INFORMATION SUPPLIED START
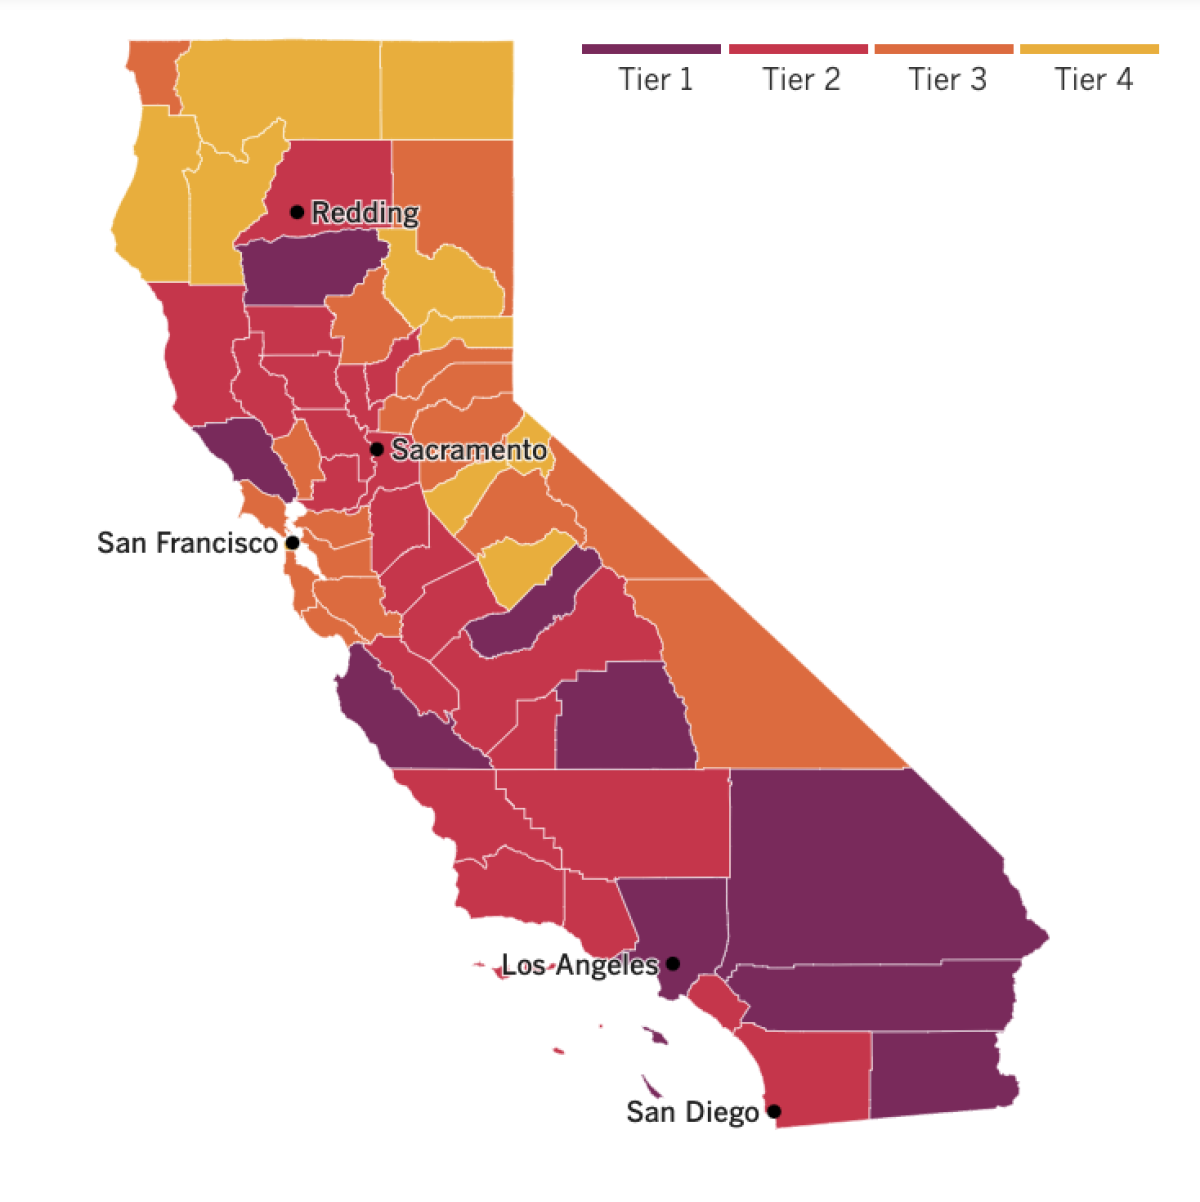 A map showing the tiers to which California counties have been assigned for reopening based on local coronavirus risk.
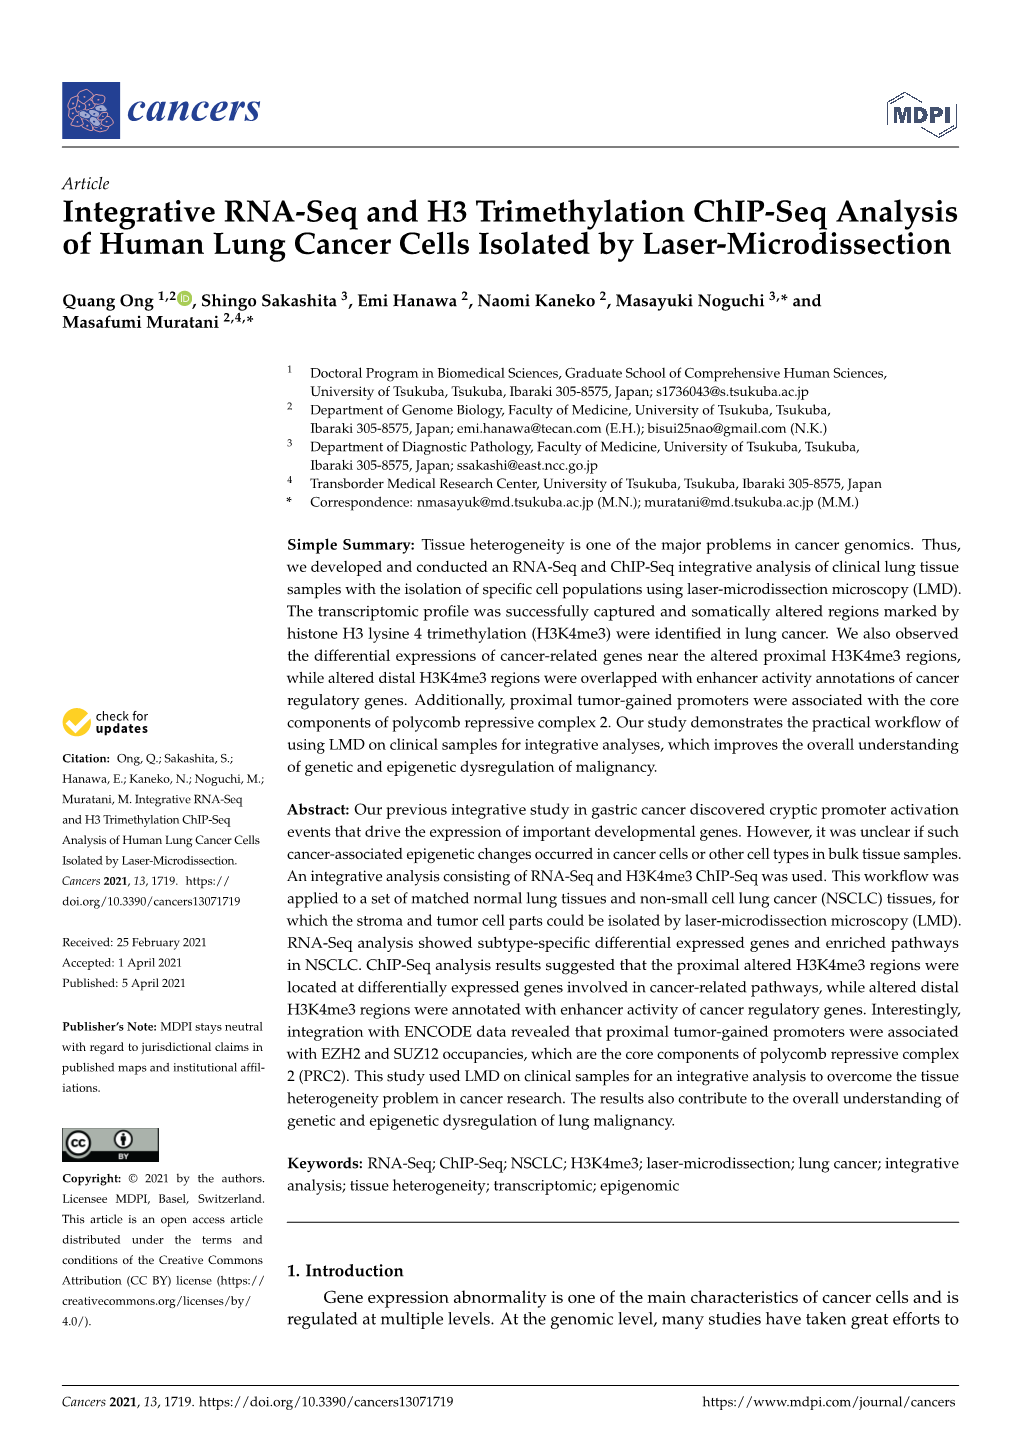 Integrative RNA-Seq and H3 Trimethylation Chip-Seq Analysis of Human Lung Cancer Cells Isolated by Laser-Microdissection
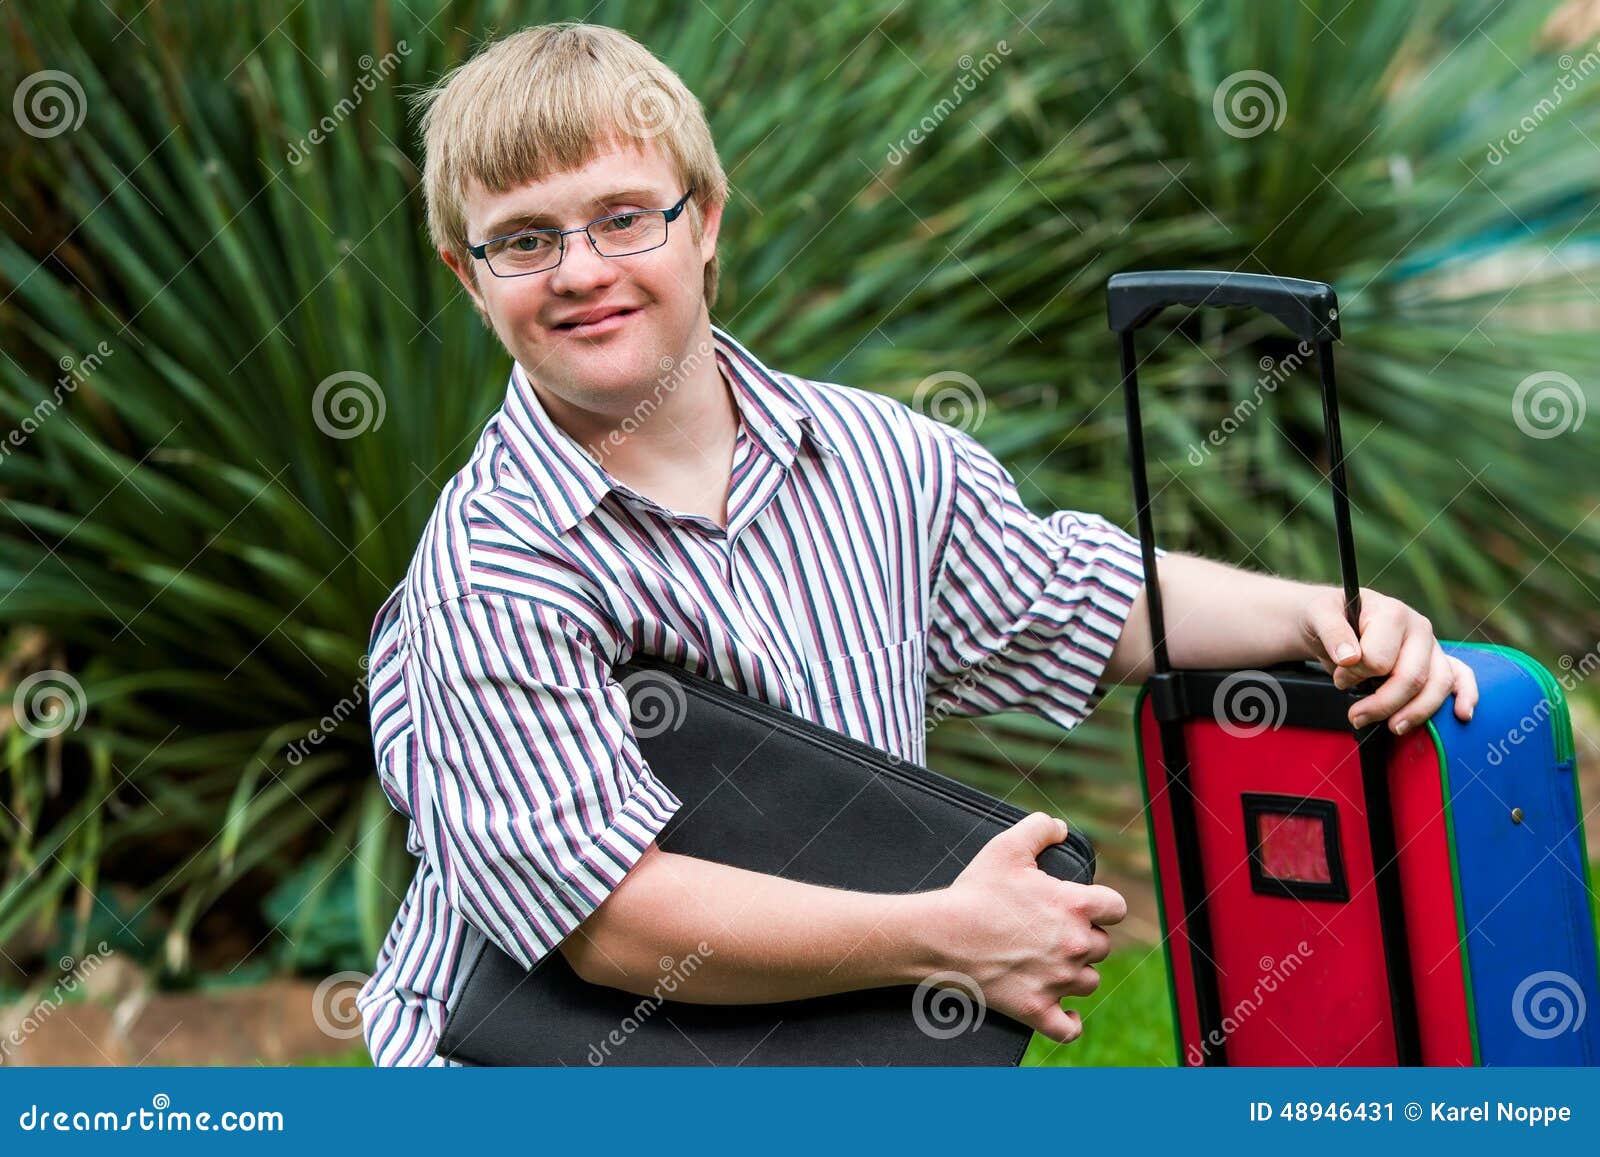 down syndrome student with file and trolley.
INFORMATION SUPPLIED END
INFORMATION SUPPLIED START
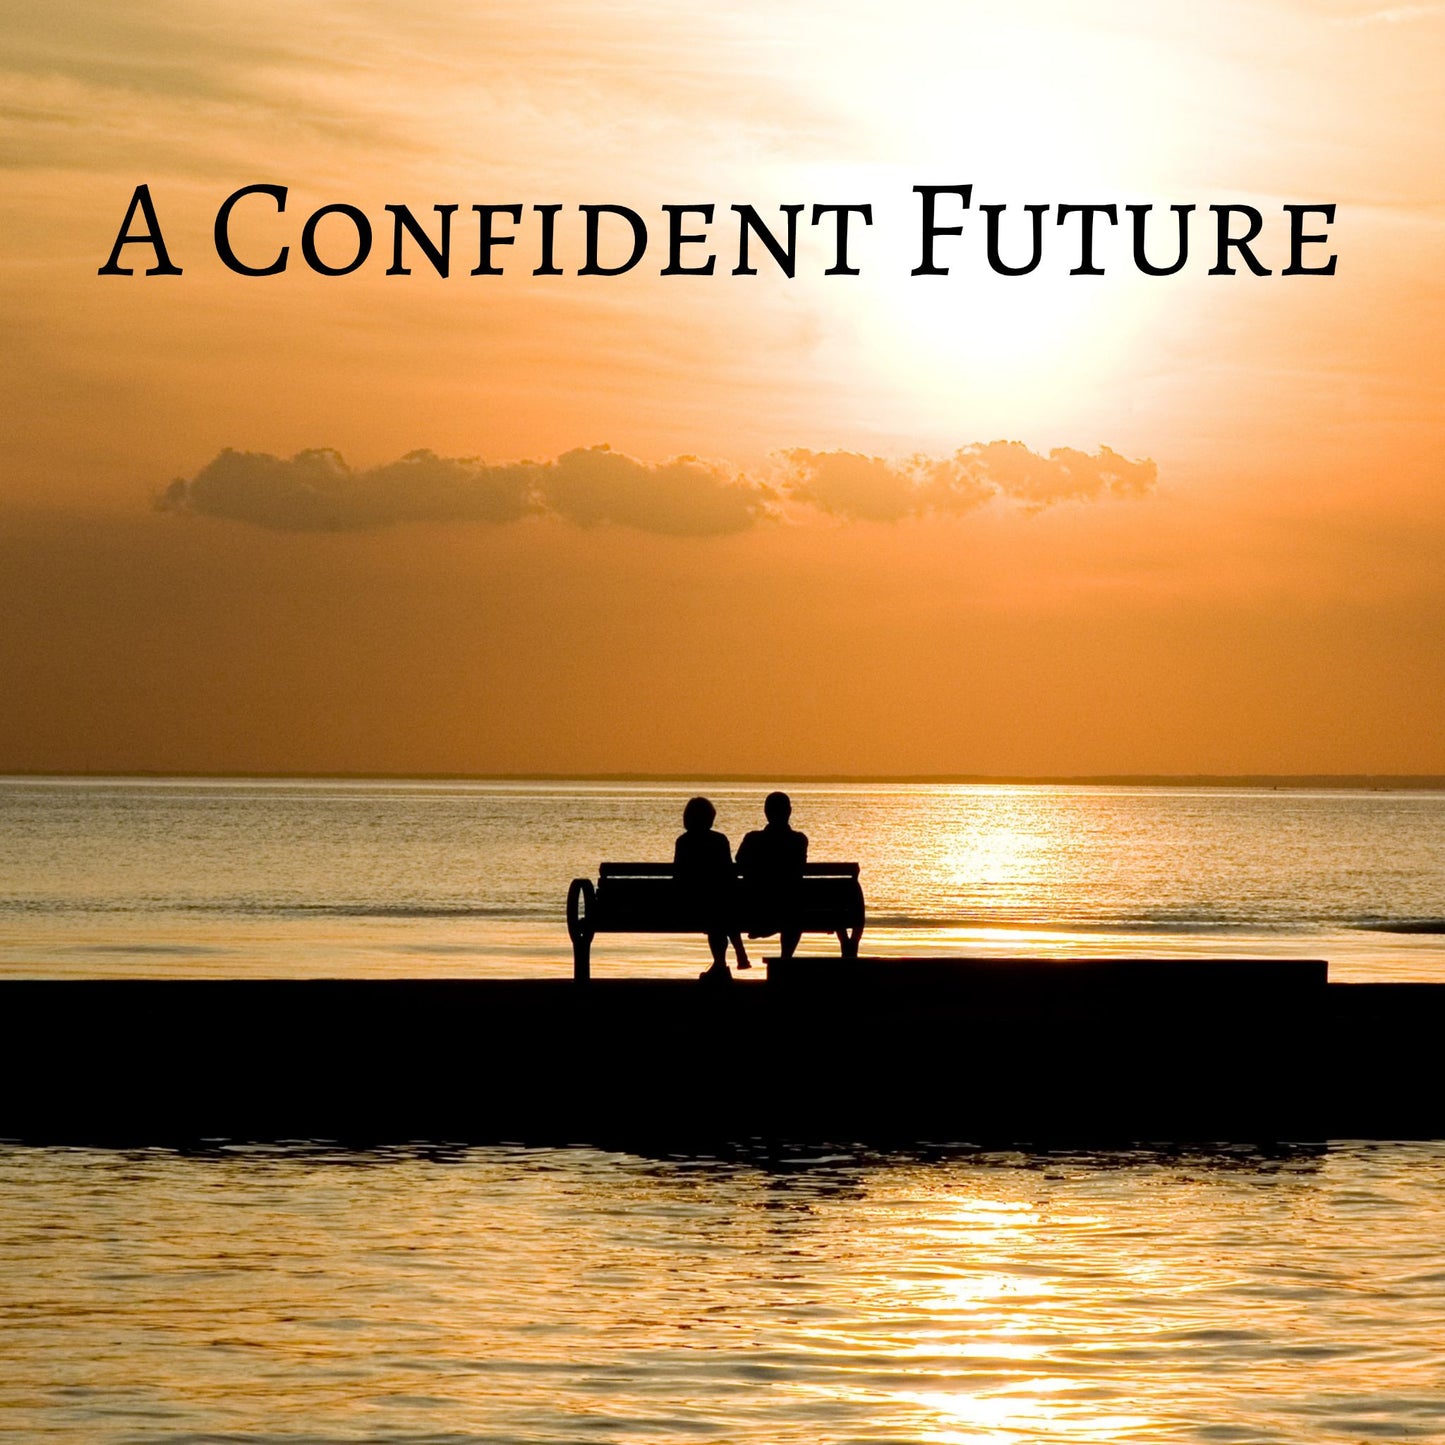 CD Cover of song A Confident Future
INFORMATION SUPPLIED END
INFORMATION SUPPLIED START
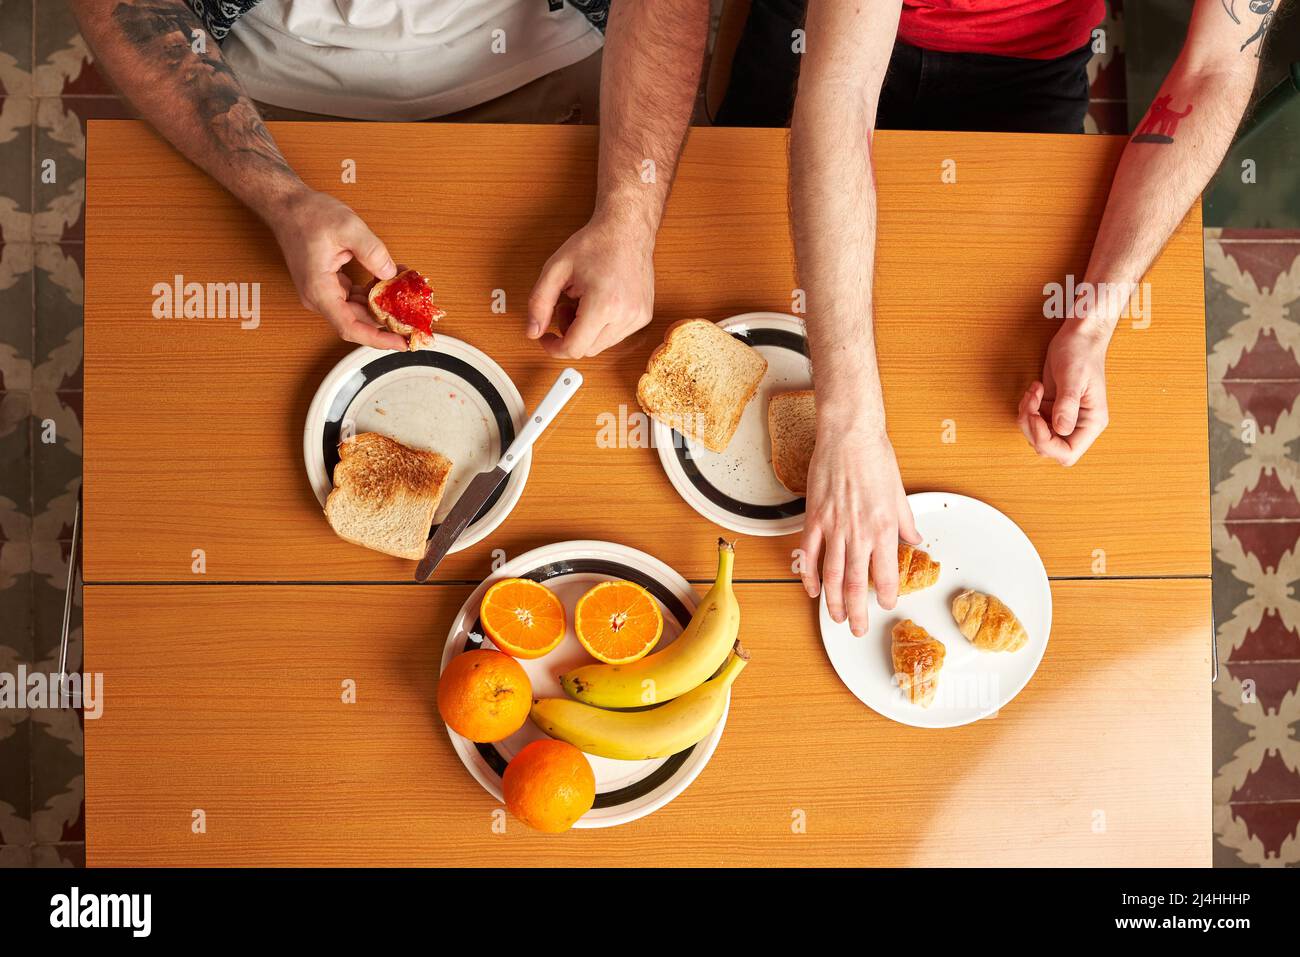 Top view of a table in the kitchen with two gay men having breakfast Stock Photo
INFORMATION SUPPLIED END
— ASSIGNMENT —
From the listing above, please give again the lines that begin with the line holding "A map showing" and go on through the line holding "down syndrome student with file and trolley.", exactly, both ends included, minus any picture.

— OUTPUT —
 A map showing the tiers to which California counties have been assigned for reopening based on local coronavirus risk.
 Integrative RNA-Seq and H3 Trimethylation Chip-Seq Analysis of Human Lung Cancer Cells Isolated by Laser-Microdissection
 down syndrome student with file and trolley.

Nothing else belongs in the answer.